Left-wing group: Americans’ wages down during Obama’s term
Americans’ after-inflation wages have dropped by almost 3 percent since President Barack Obama’s inauguration, according to a new analysis by a left-wing advocacy group.
The biggest drop was felt by lower-income workers, while upper-income professionals were hit by a 2 percent drop. The study was released by the National Employment Law Project, which is headed by left-wing employment lawyers, union officials and a former economist in Obama’s White House, Jared Bernstein.
The biggest hits — minus 4.1 percent — were taken by people who earn between $10.61 and $14.21, an hour, said the analysis of federal data.
Several job categories suffered even greater losses. “Real median wages fell by 5.0 percent or more in five of the top ten lower-wage occupations: restaurant cooks, food preparation workers, home health aides, personal care aides, and maids and housekeepers,” said a statement from the NELP group.
Wages fell amid a cumulative productivity increase of 4.5 percent, according to NELP. “Workers are producing more goods and services per hour but earning less than they were when the recovery began,” the group declared. Productivity is growing because companies are using high-tech gear — especially computers — to augment or replace labor.
The unwelcome analysis isn’t likely to get much promotion by progressive groups, partly because it happened on Obama’s watch, but also because it arrives in the middle of a push to double the inflow of low-skill immigrants, many of whom choose to work in the hardest-hit job categories.
In fact, many progressives and business-advocates suggest that high levels of low-skill immigration will boost wages for low-skilled Americans.
“If we don’t do anything to fix our broken system … We won’t benefit from highly-skilled immigrants starting businesses and creating jobs [and] American workers will have to make due with lower wages and fewer protections,” President Barack Obama said during his July 13 weekly address.
A controversial bill passed in late June by the Senate would double the immigration rate, and would add 46 million immigrants by 2033. House GOP leaders are debating their response, amid widespread opposition from the GOP’s base.
An increasing number of conservatives and academics argue that large-scale immigration has been harmful to Americans outside the top ranks of society and the economy.
Alabama Sen. Jeff Sessions, for example, says the defeat of a proposed immigration rewrite would help boost wages and make the GOP more popular among low-income and mid-income Americans, including Latinos and African-Americans.
“The Republican Platform should include a line that says we will promote an immigration policy that serves and honors the American worker and the American taxpayers,” he said in a June 13 speech in Alabama. “No political party can have as its goal lower wages for its country,” he said.
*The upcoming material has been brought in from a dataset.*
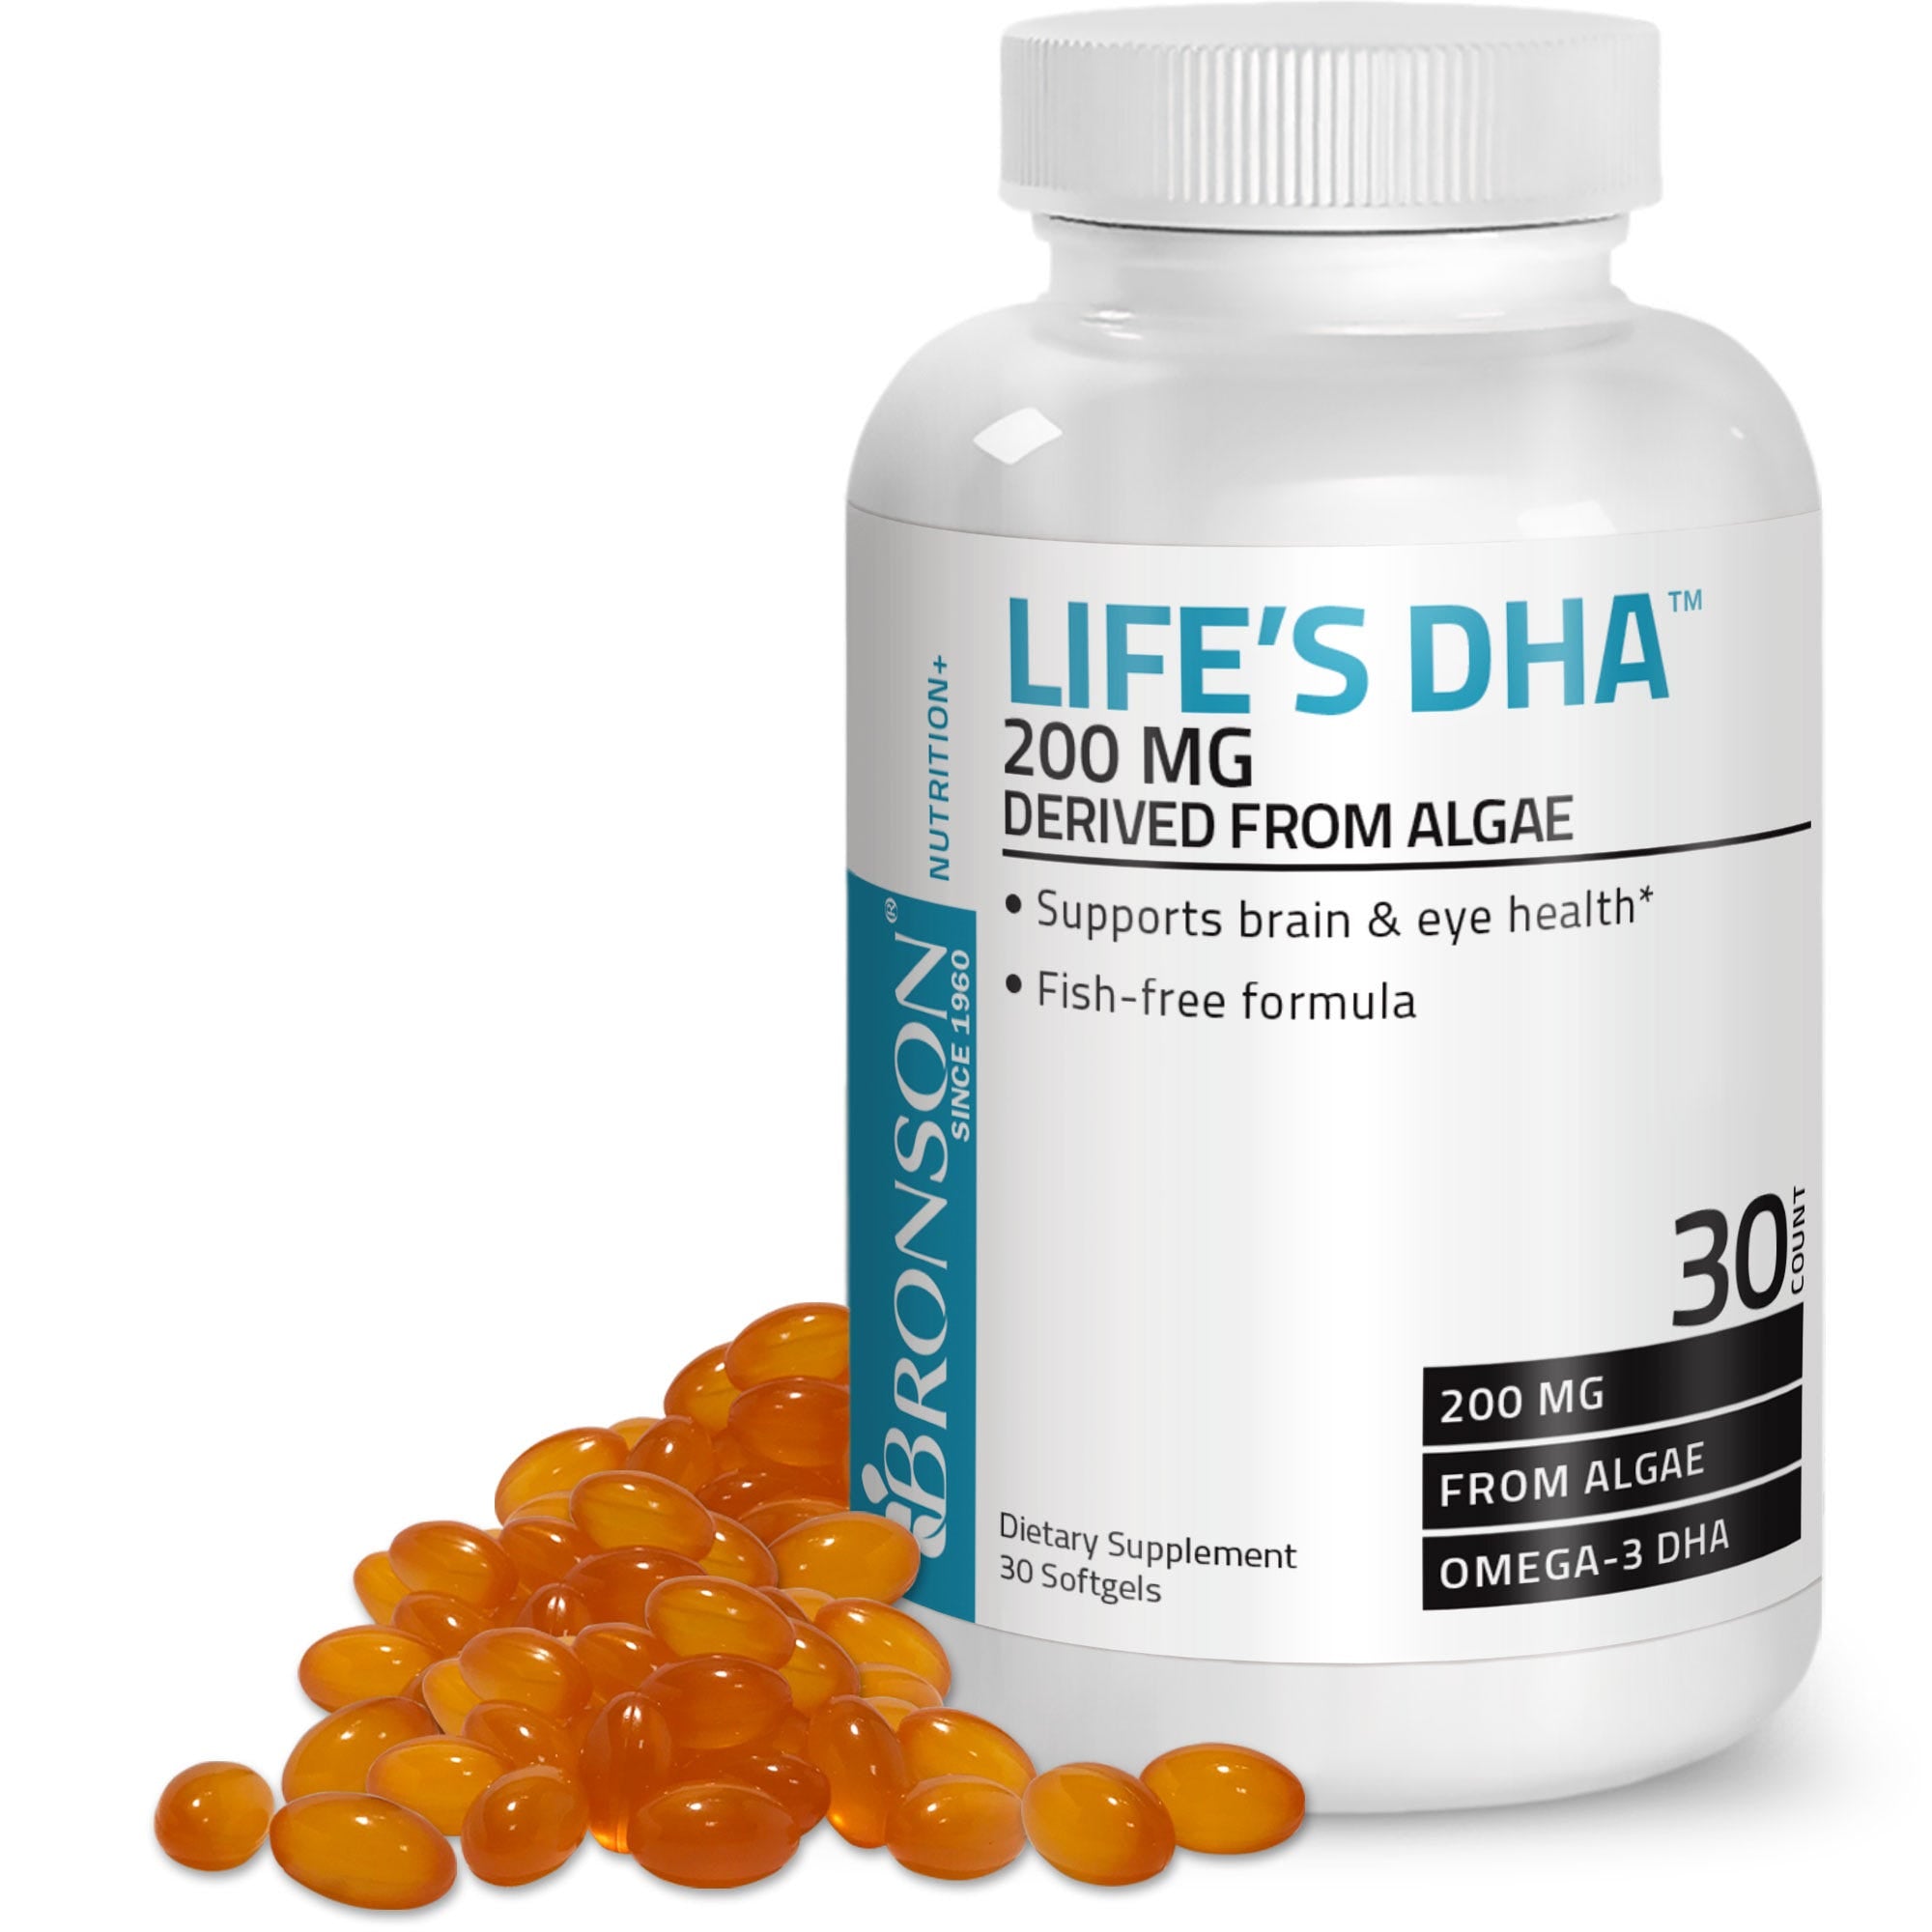 Life's DHA™ Vegetarian Derived from Algae - 200 mg - 30 Softgels view 1 of 6

Since 2000, the nation’s working-age immigrant population has grown by 8.8 million, and the number of working immigrants has grown 5.3 million, according to a July 3 report by the Center for Immigration Studies.
The number of working-age natives has grown by 16.4 million, but the number with jobs has dropped by 1.3 million.
Overall, at least 20 million Americans are unemployed or underemployed, including many who are stuck in part-time jobs.
California has received a larger share of immigrants than nearly all other states, and it has the seventh-highest unemployment rate among states, despite its world-leading computer, movie and farming sectors.
In April, Harvard economist George Borjas estimated that the current legal and illegal immigration levels of roughly 1 million people per year add about 10 percent, or $1.6 trillion, to the size of the economy.
Immigrants receive the vast majority of that increase via their U.S. wages, but they also drag down the income of lower-income Americans who don’t employ immigrants, by roughly $402 billion per year, Borjas said. In turn, higher-income Americans, including investors and company owners, get the roughly $437 billion per year of benefit from the cheaper labor of immigrants and Americans.
The analysis was backed June 16 by the Congressional Budget Office, which predicted the Senate bill’s inflow of immigrants would expand the economy, lower average wages and education for a decade, and shift a larger share of national income towards investors.
“The rate of return on capital would be higher [than on labor] under the legislation than under current law throughout the next two decades,” says the report, titled “The Economic Impact of S. 744.”
However, the NELP report ignored the possible role of low-skilled immigration in the loss of wages from 2009 to 2012, and instead pointed at other possible factors.
“Corporations are reaping the financial benefits of an increasingly productive workforce, but the recent decline in wages shows that these gains are not being shared with the people actually doing the work,” said a statement from Christine Owens, NELP’s executive director.
“The U.S. leads developed nations in income inequality, with the growth in inequality and economic disparities fueled by the declining real value of the minimum wage, the erosion [of] union representation in public and private workplaces, and U.S. tax and trade policies that reward companies for shipping profits and jobs abroad, among other factors,” said the NELP statement.